Work required: Retype the data that follows line by line, exactly, and leave its pictures out.

Dataset section:

*** Block opens ***

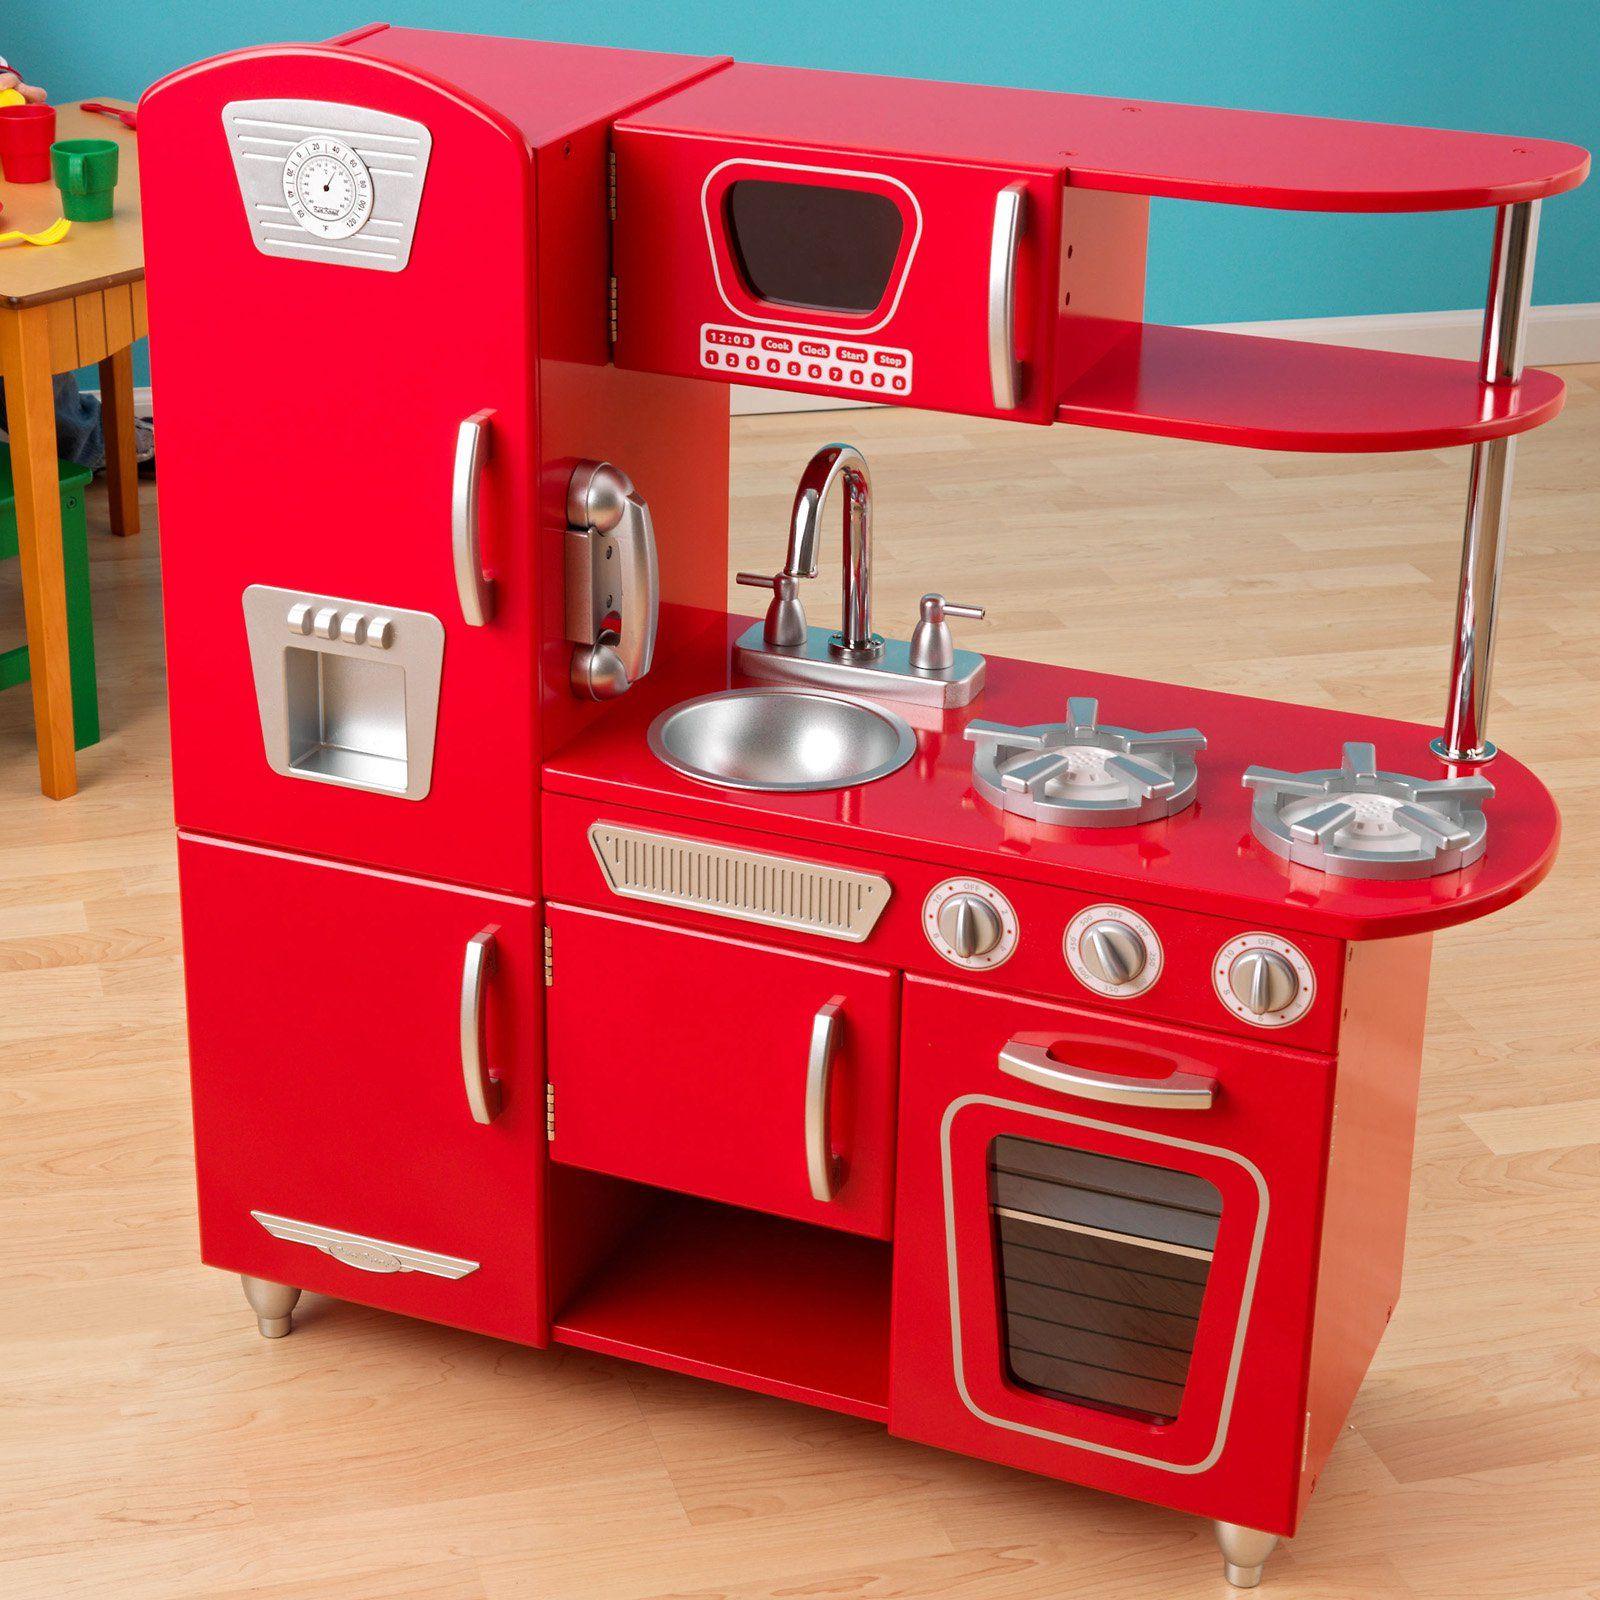 kidkraft red vintage play kitchen 53173 53173 products rh pinterest co uk KidKraft Retro Kitchen and Refrigerator KidKraft Classic Kitchen
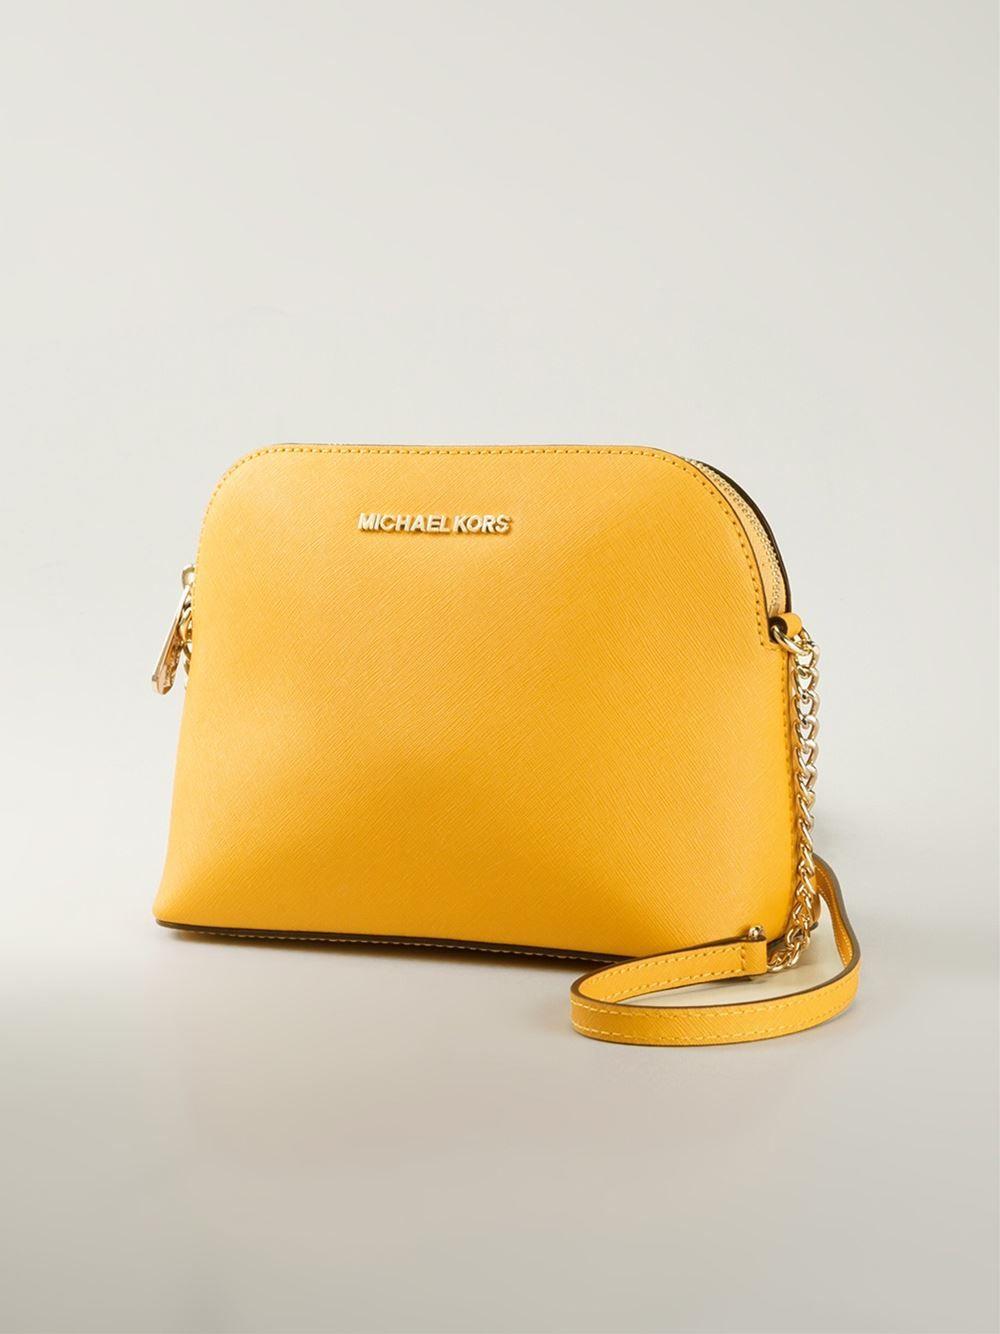 3159d13c74d049 Michael kors Cindy Large Calf-Leather Cross-Body Bag in Yellow (yellow &  orange) | Lyst
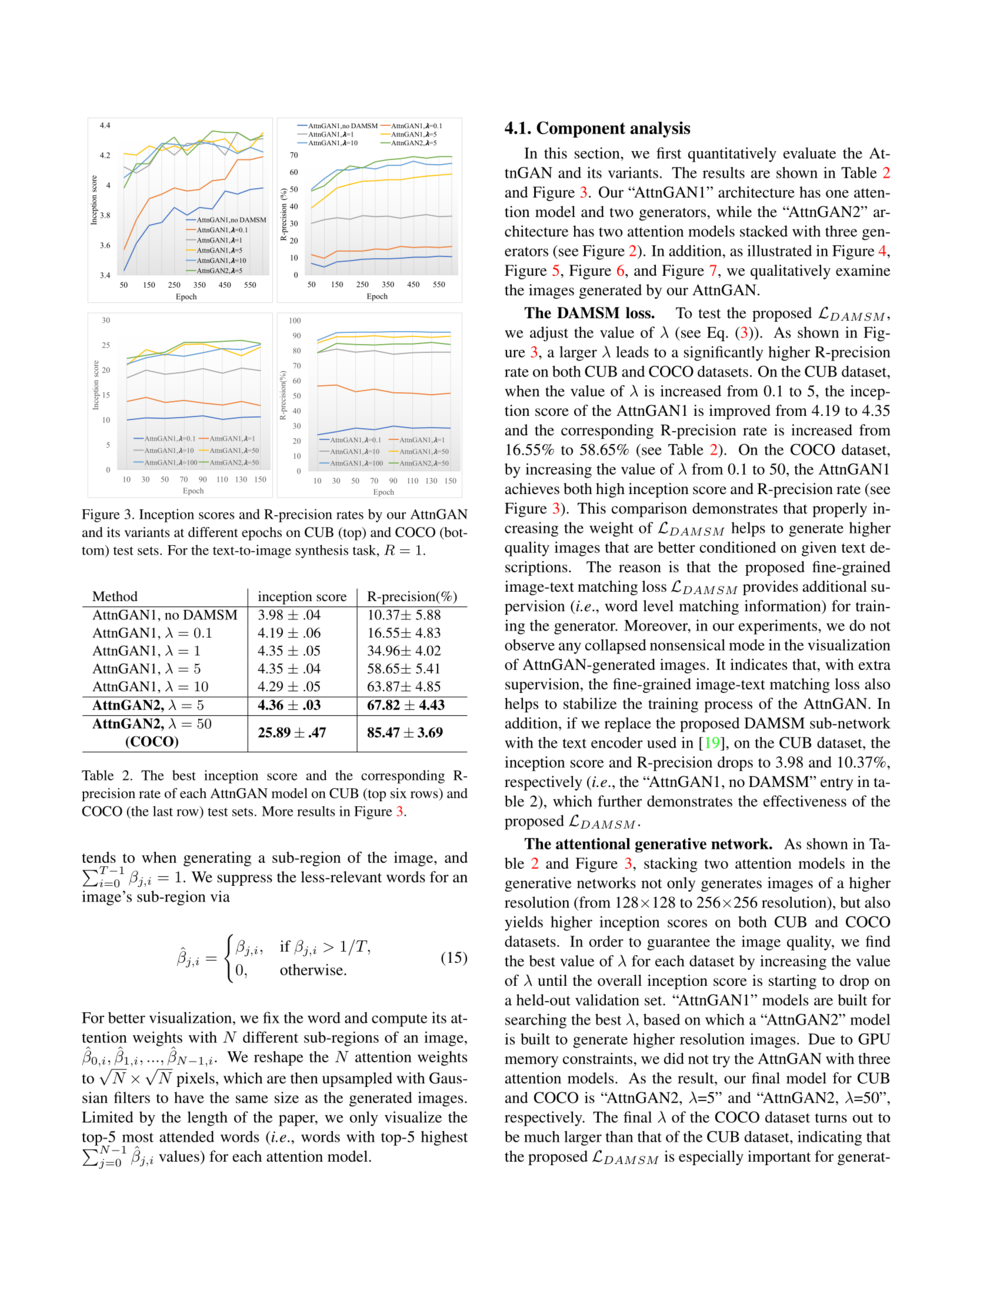 microsoft-researchers-build-a-bot-that-draws.001-6.png

*** Block closes ***

Task response:
 kidkraft red vintage play kitchen 53173 53173 products rh pinterest co uk KidKraft Retro Kitchen and Refrigerator KidKraft Classic Kitchen
 3159d13c74d049 Michael kors Cindy Large Calf-Leather Cross-Body Bag in Yellow (yellow &  orange) | Lyst
 microsoft-researchers-build-a-bot-that-draws.001-6.png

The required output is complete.